On Friday, throughout Day 12 of its “12 days of OpenAI,” OpenAI CEO Sam Altman introduced its newest AI “reasoning” fashions, o3 and o3-mini, which construct upon the o1 fashions launched earlier this 12 months. The corporate is just not releasing them but however will make these fashions accessible for public security testing and analysis entry right now.
The fashions use what OpenAI calls “non-public chain of thought,” the place the mannequin pauses to look at its inside dialog and plan forward earlier than responding, which you would possibly name “simulated reasoning” (SR)—a type of AI that goes past primary giant language fashions (LLMs).
The corporate named the mannequin household “o3” as a substitute of “o2” to keep away from potential trademark conflicts with British telecom supplier O2, in response to The Info. Throughout Friday’s livestream, Altman acknowledged his firm’s naming foibles, saying, “Within the grand custom of OpenAI being actually, really unhealthy at names, it’s going to be known as o3.”
In accordance with OpenAI, the o3 mannequin earned a record-breaking rating on the ARC-AGI benchmark, a visible reasoning benchmark that has gone unbeaten since its creation in 2019. In low-compute situations, o3 scored 75.7 p.c, whereas in high-compute testing, it reached 87.5 p.c—akin to human efficiency at an 85 p.c threshold.
OpenAI additionally reported that o3 scored 96.7 p.c on the 2024 American Invitational Arithmetic Examination, lacking only one query. The mannequin additionally reached 87.7 p.c on GPQA Diamond, which comprises graduate-level biology, physics, and chemistry questions. On the Frontier Math benchmark by EpochAI, o3 solved 25.2 p.c of issues, whereas no different mannequin has exceeded 2 p.c.
On Friday, throughout Day 12 of its “12 days of OpenAI,” OpenAI CEO Sam Altman introduced its newest AI “reasoning” fashions, o3 and o3-mini, which construct upon the o1 fashions launched earlier this 12 months. The corporate is just not releasing them but however will make these fashions accessible for public security testing and analysis entry right now.
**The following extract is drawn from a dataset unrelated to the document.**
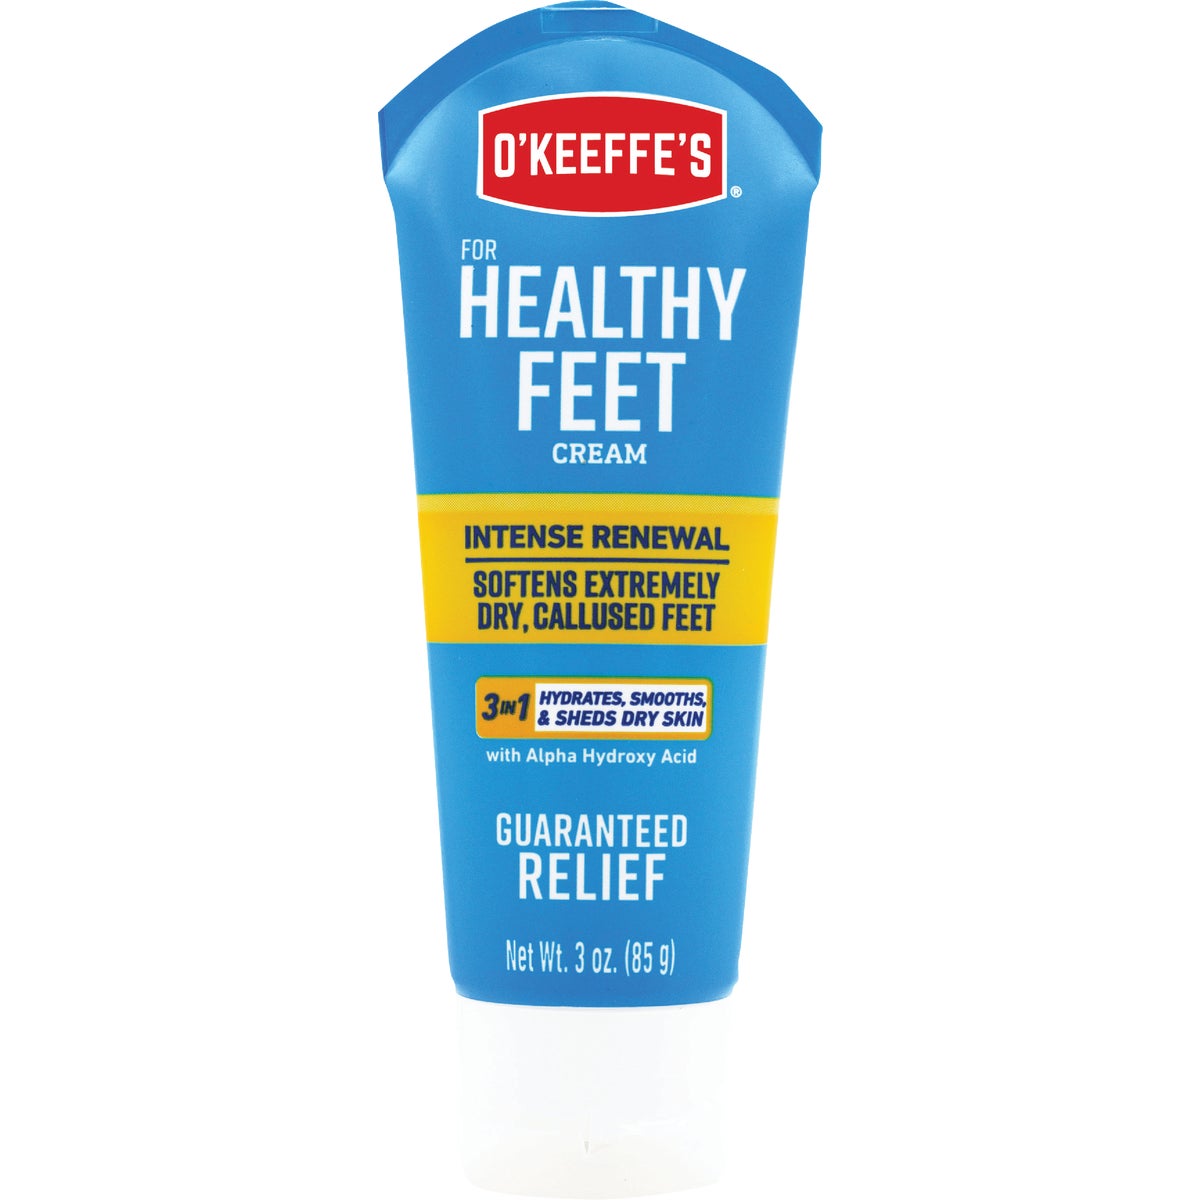 O'Keeffe's Healthy Feet 3 Oz. Tube Exfoliating Foot Cream

The fashions use what OpenAI calls “non-public chain of thought,” the place the mannequin pauses to look at its inside dialog and plan forward earlier than responding, which you would possibly name “simulated reasoning” (SR)—a type of AI that goes past primary giant language fashions (LLMs).
The corporate named the mannequin household “o3” as a substitute of “o2” to keep away from potential trademark conflicts with British telecom supplier O2, in response to The Info. Throughout Friday’s livestream, Altman acknowledged his firm’s naming foibles, saying, “Within the grand custom of OpenAI being actually, really unhealthy at names, it’s going to be known as o3.”
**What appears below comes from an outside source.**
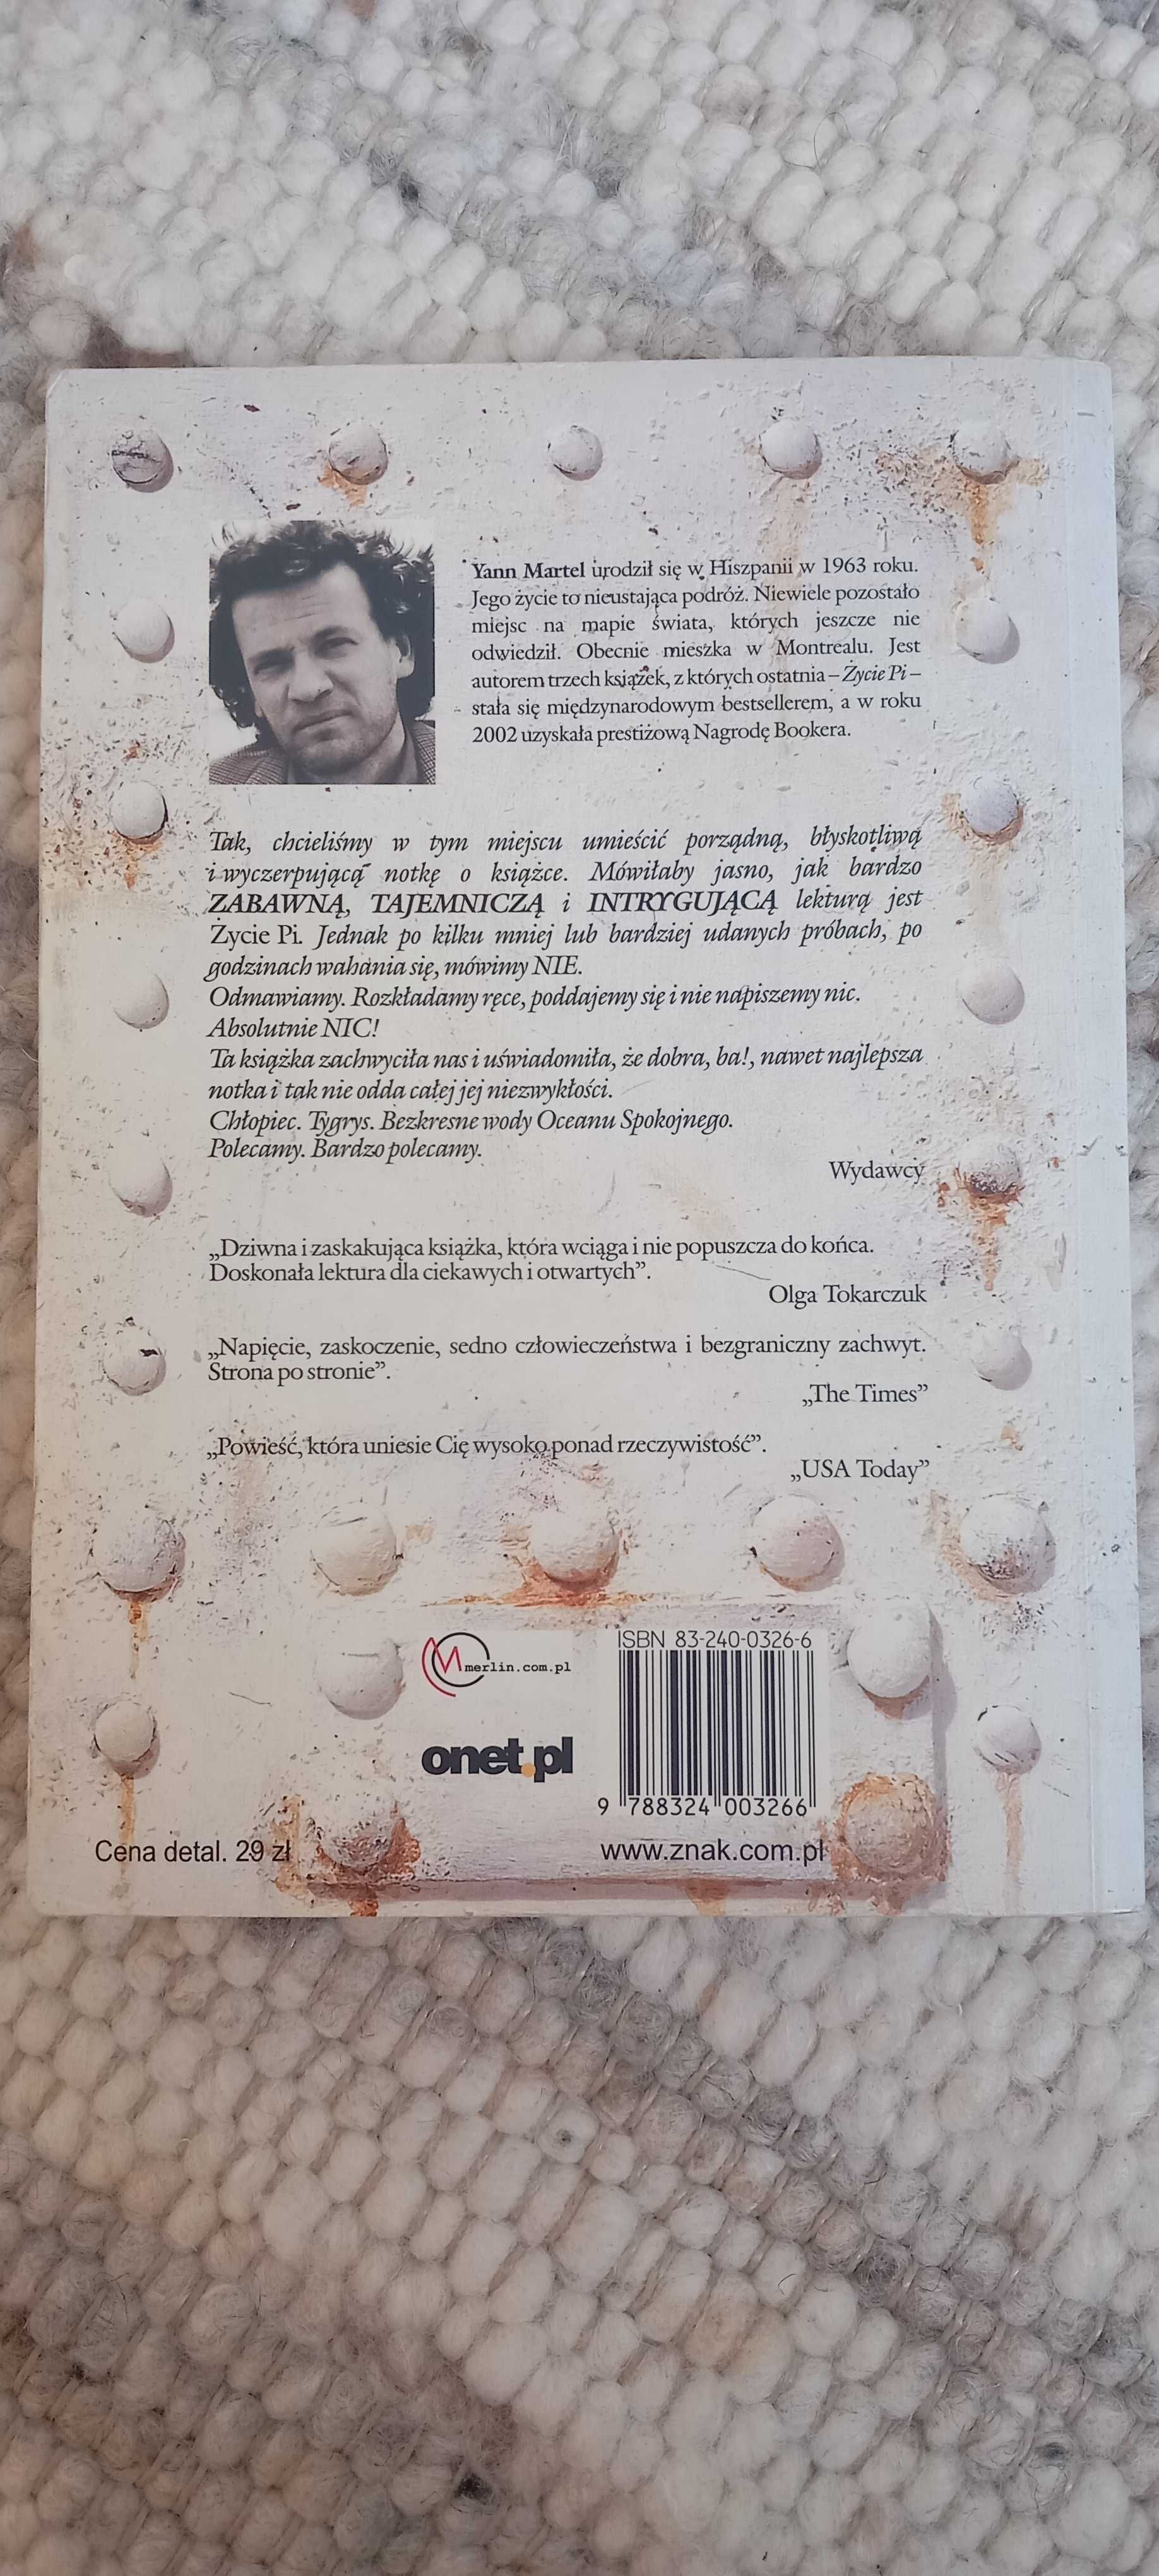 Książka "Życie Pi" Yann Martel

In accordance with OpenAI, the o3 mannequin earned a record-breaking rating on the ARC-AGI benchmark, a visible reasoning benchmark that has gone unbeaten since its creation in 2019. In low-compute situations, o3 scored 75.7 p.c, whereas in high-compute testing, it reached 87.5 p.c—akin to human efficiency at an 85 p.c threshold.
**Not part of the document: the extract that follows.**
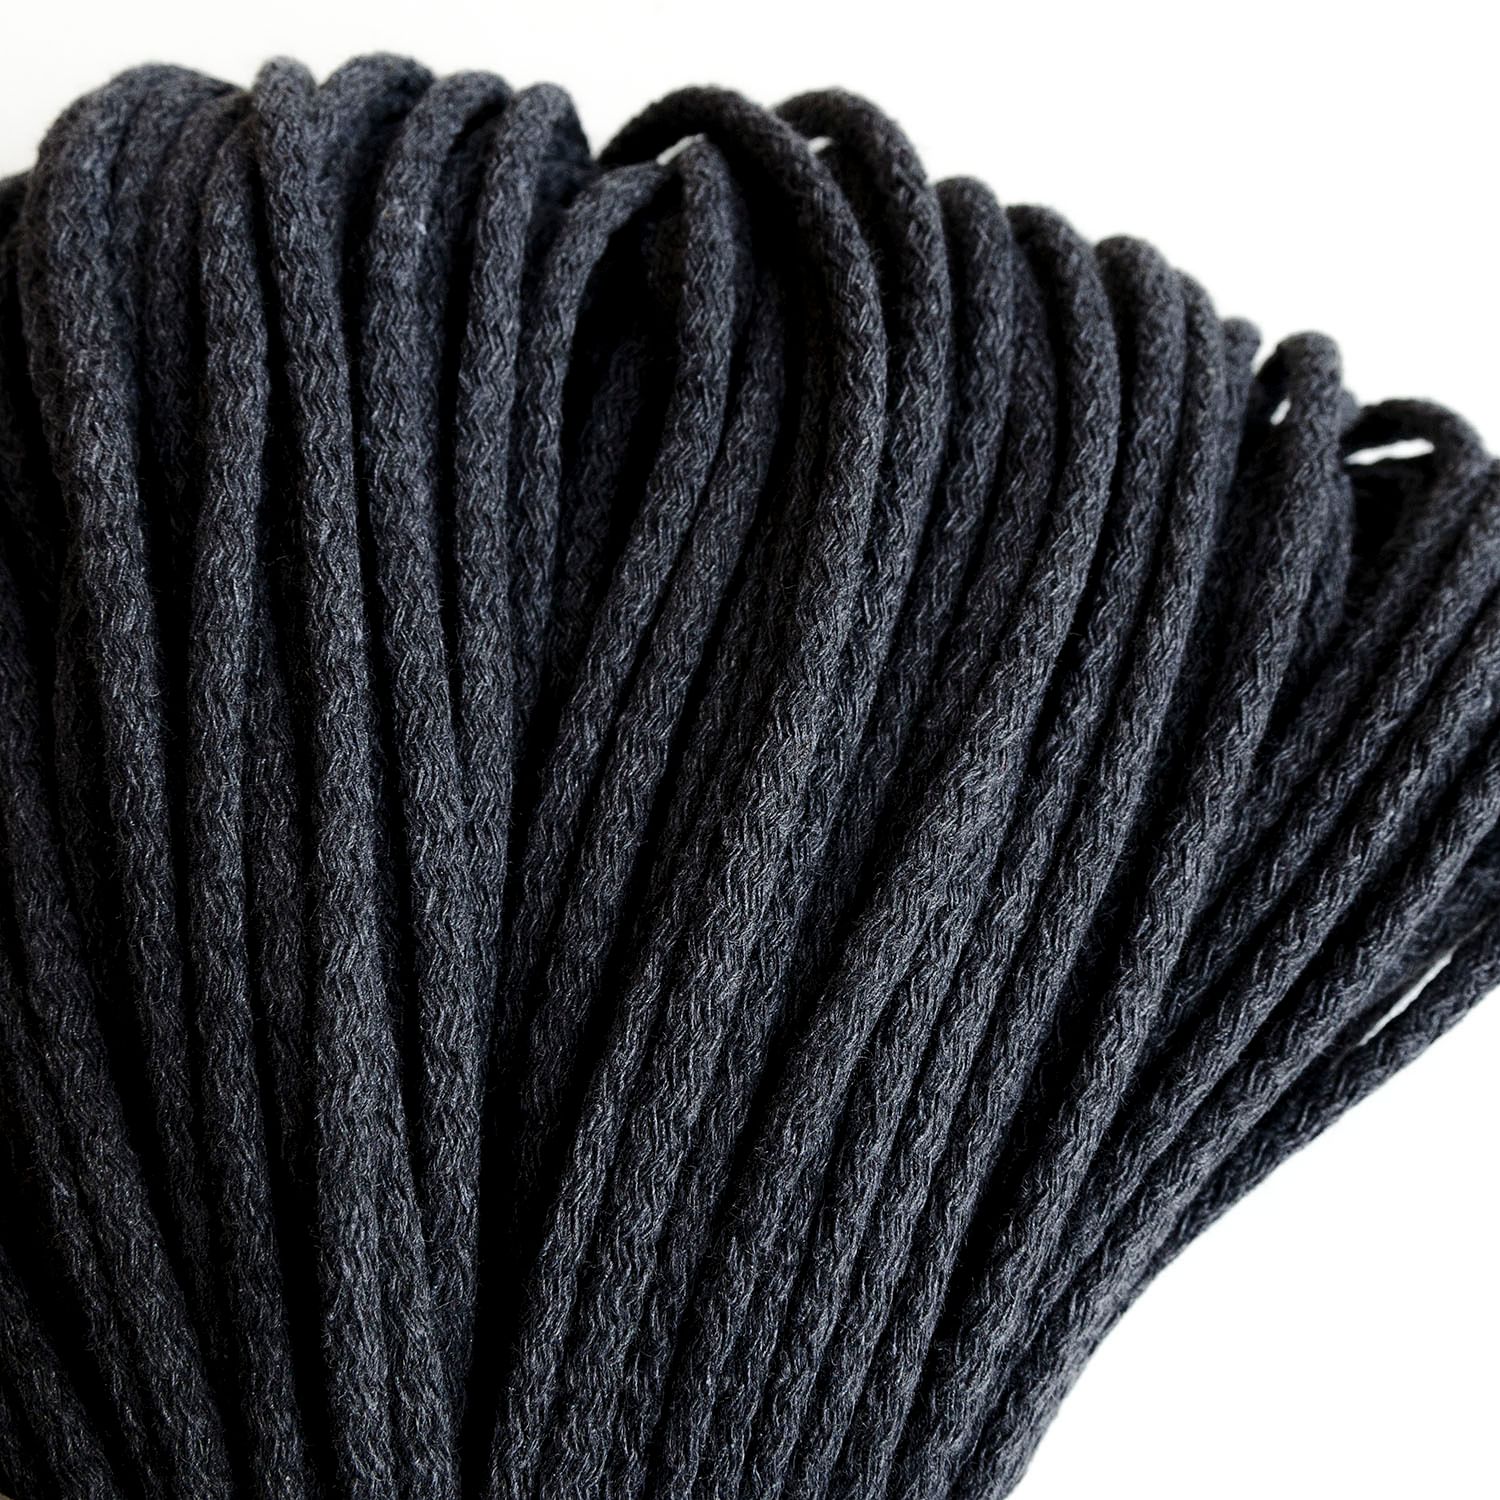 Мастер-класс по изготовлению вязаного шнура из трикотажа «Модное вязание»

OpenAI additionally reported that o3 scored 96.7 p.c on the 2024 American Invitational Arithmetic Examination, lacking only one query. The mannequin additionally reached 87.7 p.c on GPQA Diamond, which comprises graduate-level biology, physics, and chemistry questions. On the Frontier Math benchmark by EpochAI, o3 solved 25.2 p.c of issues, whereas no different mannequin has exceeded 2 p.c.